The GCD (Greatest Common Divisor) or HCF (Highest Common Divisor) of two numbers is the largest number to divide them.

For example, the GCD of 20 and 28 is 4, and the GCD of 98 and 56 is 14.

A simple solution is to find all the prime factors of two numbers, and then find the intersection of all factors in the two numbers. Finally, the product of the intersection elements is returned. An effective solution is to use Euclid's algorithm, which is the main algorithm used for this purpose.
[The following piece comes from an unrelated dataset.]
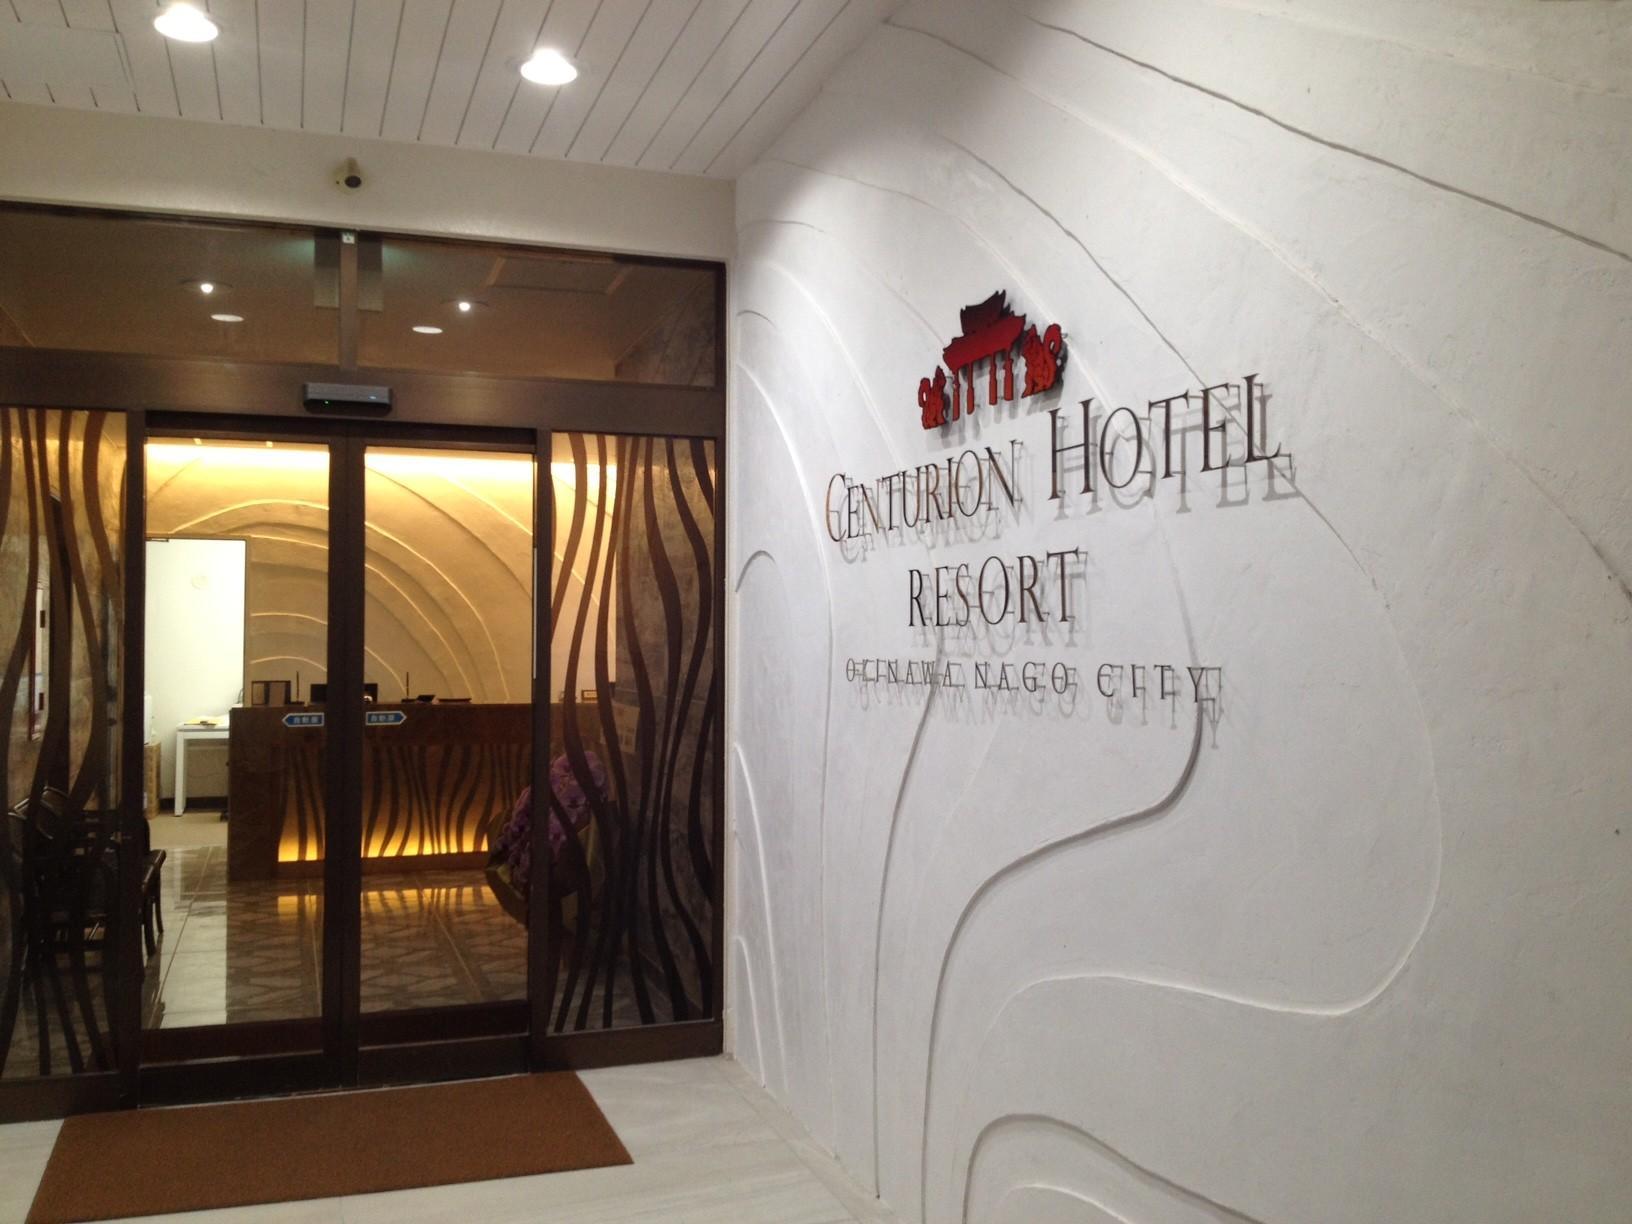 Centurion Hotel Resort Okinawa Nago City Details Explore
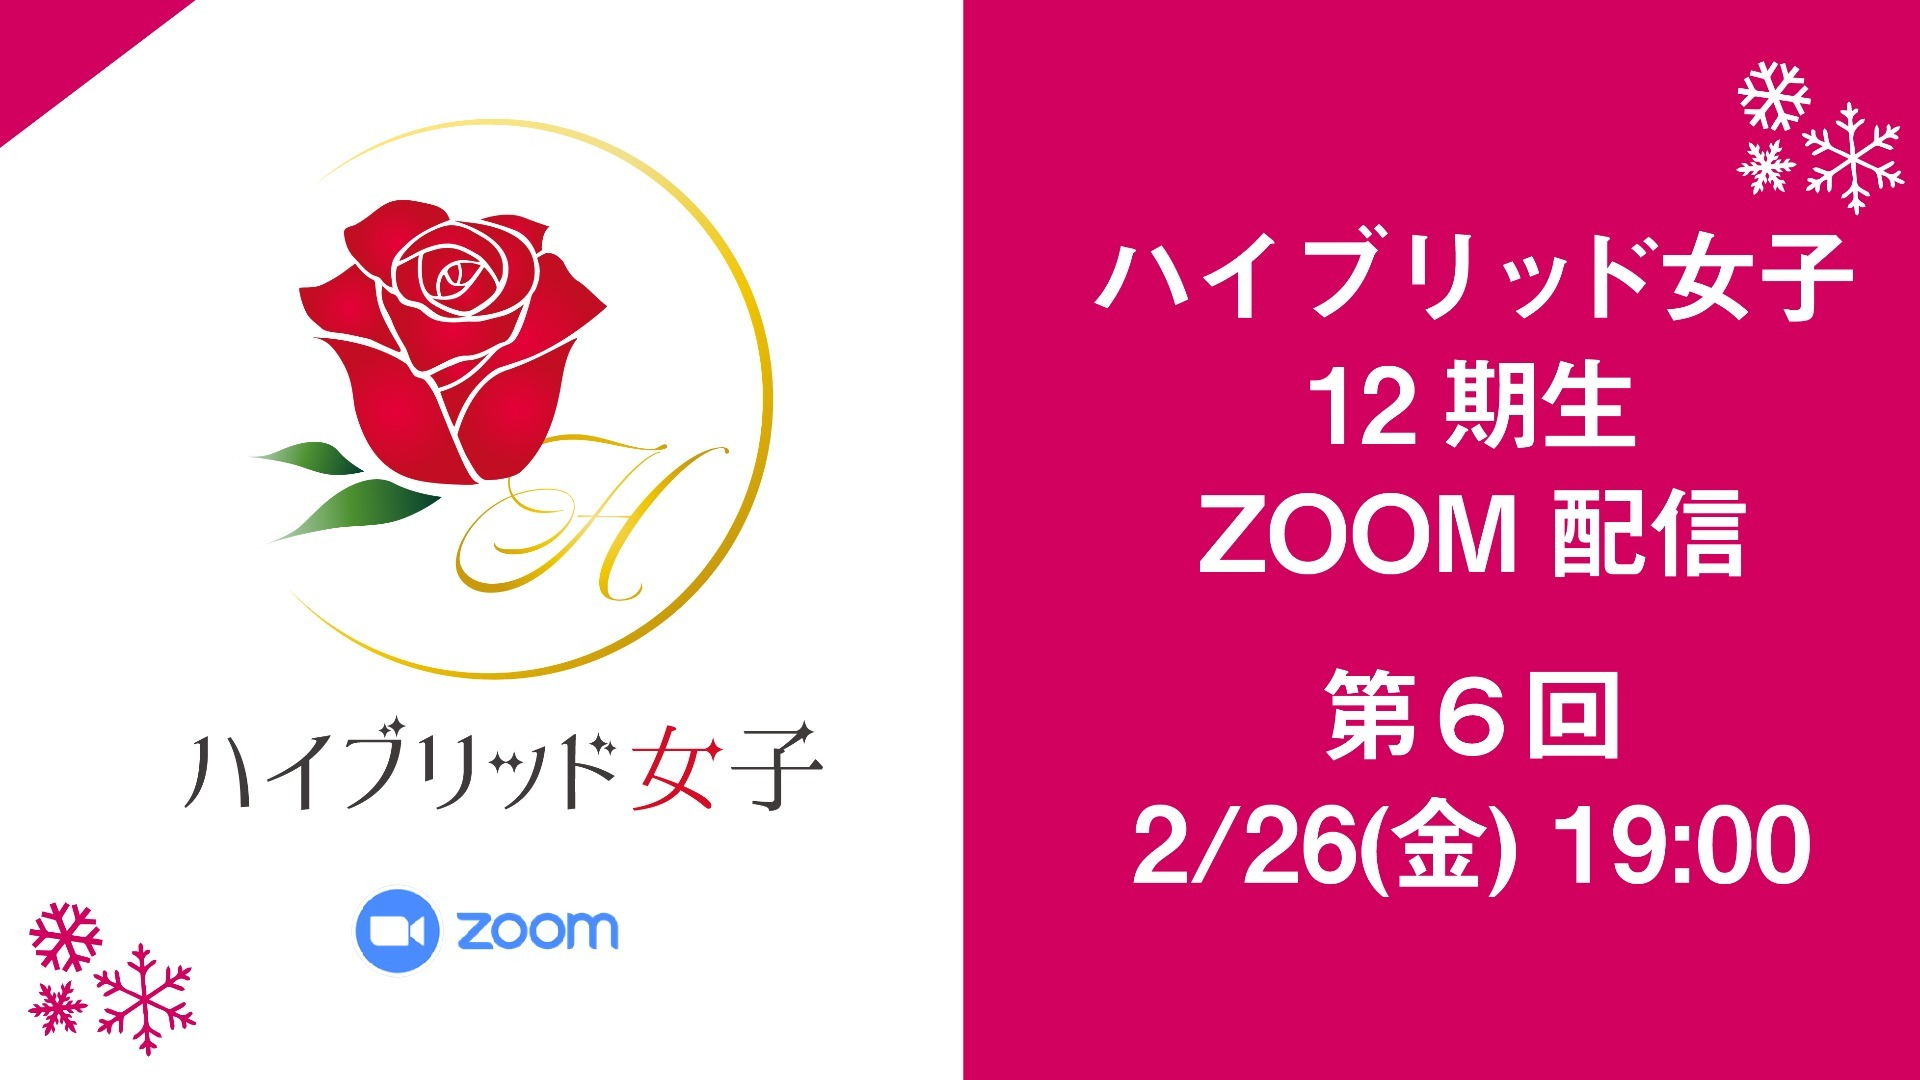 【LIVE】2/26(金)・ZOOMセミナー第5回目

The idea is that if the smaller number is subtracted from the larger number, the GCD of the two numbers will not change.

JAVA:

// Java program to find GCD of two numbers
class Test
{
	// Recursive function to return gcd of a and b
	static int gcd(int a, int b)
	{
		// Everything divides 0
		if (a == 0)
		return b;
		if (b == 0)
		return a;
	
		// base case
		if (a == b)
			return a;
	
		// a is greater
		if (a > b)
			return gcd(a-b, b);
		return gcd(a, b-a);
	}
	
	// Driver method
	public static void main(String[] args)
	{
		int a = 98, b = 56;
		System.out.println("GCD of " + a +" and " + b + " is " + gcd(a, b));
	}
}

Output: 

GCD of 98 and 56 is 14

A more effective arrangement is to utilize the modulo administrator in the Euclidean calculation.

JAVA

// Java program to find GCD of two numbers
class Test
{
	// Recursive function to return gcd of a and b
	static int gcd(int a, int b)
	{
	if (b == 0)
		return a;
	return gcd(b, a % b);
	}
	
	// Driver method
	public static void main(String[] args)
	{
		int a = 98, b = 56;
		System.out.println("GCD of " + a +" and " + b + " is " + gcd(a, b));
	}
}

Output: 

GCD of 98 and 56 is 14

The time intricacy for the above calculation is O(log(max(a,b))) the inference for this is acquired from the investigation of the most dire outcome imaginable. What we do is we ask what are the 2 least numbers that make 1 stride, those would be (1,1). In the event that we need to expand the quantity of steps to 2 while keeping the numbers as low as possible take the numbers to be (1,2). Likewise, for 3 stages, the numbers would be (2,3), 4 would be (3,5), 5 would be (5,8). So we can see a theme here, for the nth advance the numbers would be (fib(n),fib(n+1)). So the most pessimistic scenario time intricacy would be O(n) where a>= fib(n) and b>= fib(n+1). 

Presently Fibonacci arrangement is a dramatically developing arrangement where the proportion of nth/(n-1)th term draws near (sqrt(5)- 1)/2 which is additionally called the brilliant proportion. So we can see that the time intricacy of the calculation increments directly as the terms develop dramatically thus the time intricacy would be log(max(a,b)).